TASK INSTRUCTIONS: Your copy of the data below must be exact and must leave out all pictures.
── RECORDED DATA
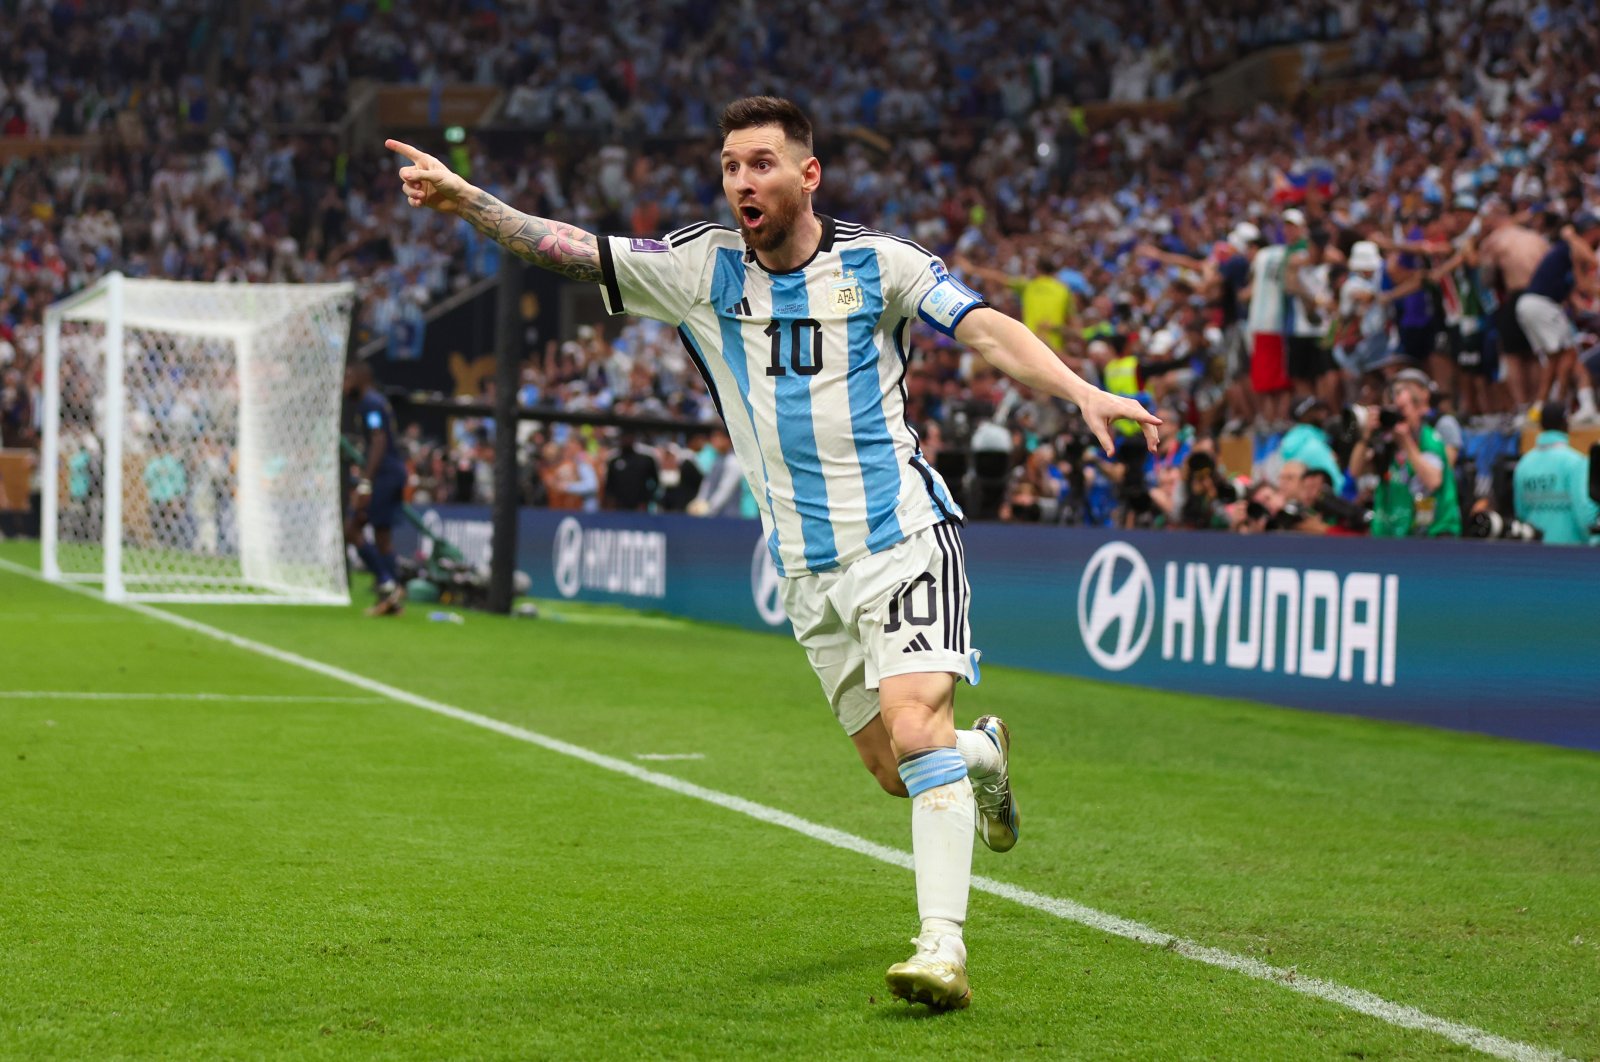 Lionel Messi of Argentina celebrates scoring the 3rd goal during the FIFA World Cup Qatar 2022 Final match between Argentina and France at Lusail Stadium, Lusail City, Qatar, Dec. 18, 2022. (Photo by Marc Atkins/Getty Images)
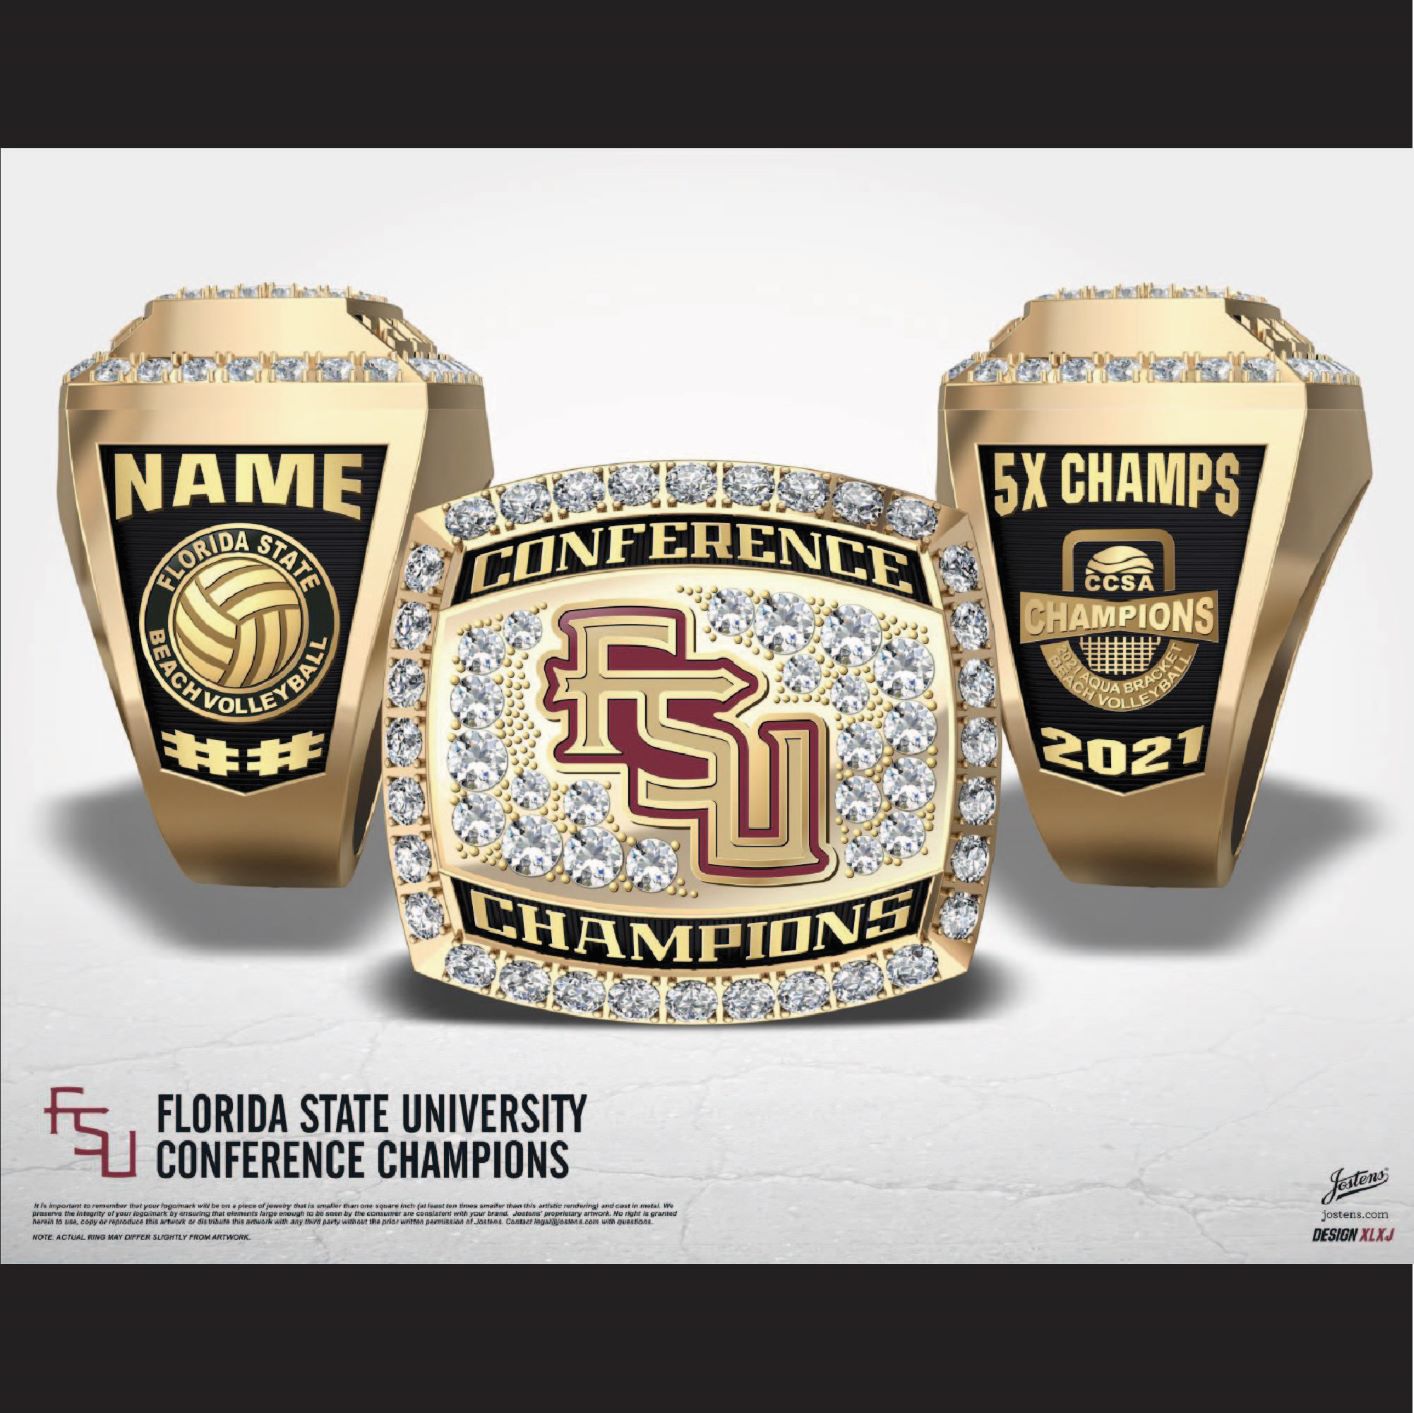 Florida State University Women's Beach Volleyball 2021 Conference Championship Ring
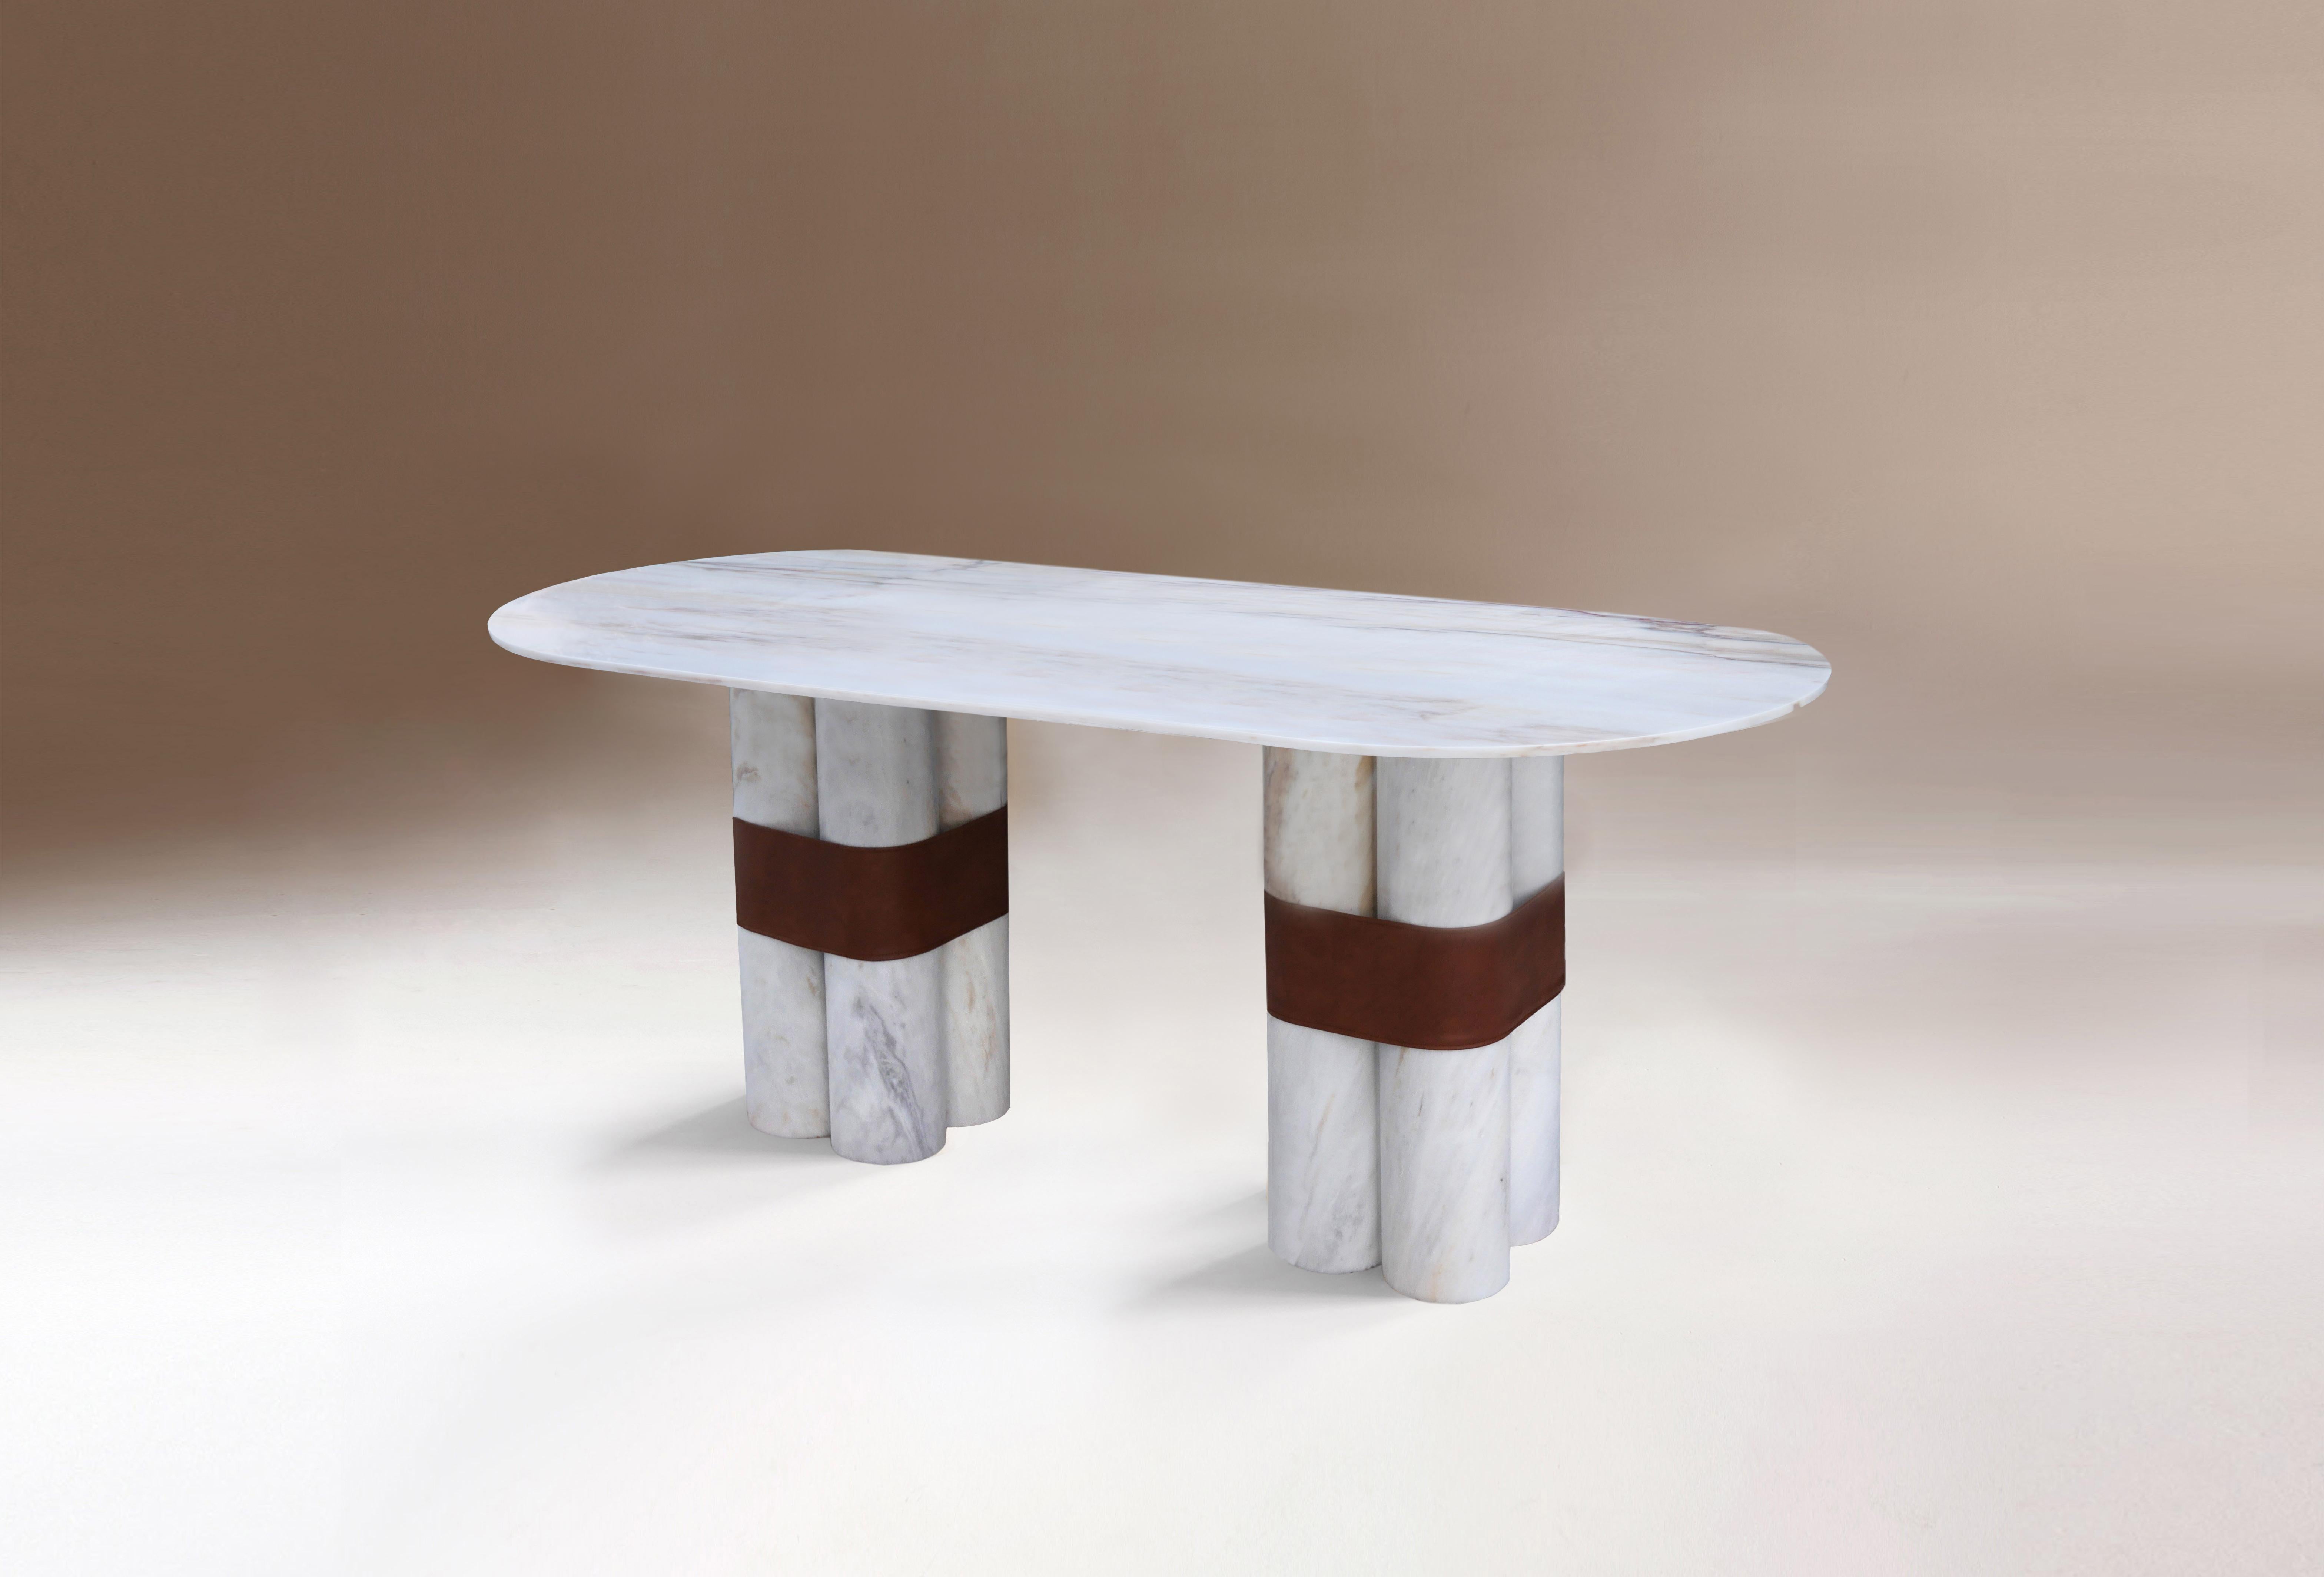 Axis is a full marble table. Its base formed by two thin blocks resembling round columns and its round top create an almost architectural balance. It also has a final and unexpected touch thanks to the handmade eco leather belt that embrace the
────
THE ANSWER:
 Lionel Messi of Argentina celebrates scoring the 3rd goal during the FIFA World Cup Qatar 2022 Final match between Argentina and France at Lusail Stadium, Lusail City, Qatar, Dec. 18, 2022. (Photo by Marc Atkins/Getty Images)
 Florida State University Women's Beach Volleyball 2021 Conference Championship Ring
 Axis is a full marble table. Its base formed by two thin blocks resembling round columns and its round top create an almost architectural balance. It also has a final and unexpected touch thanks to the handmade eco leather belt that embrace the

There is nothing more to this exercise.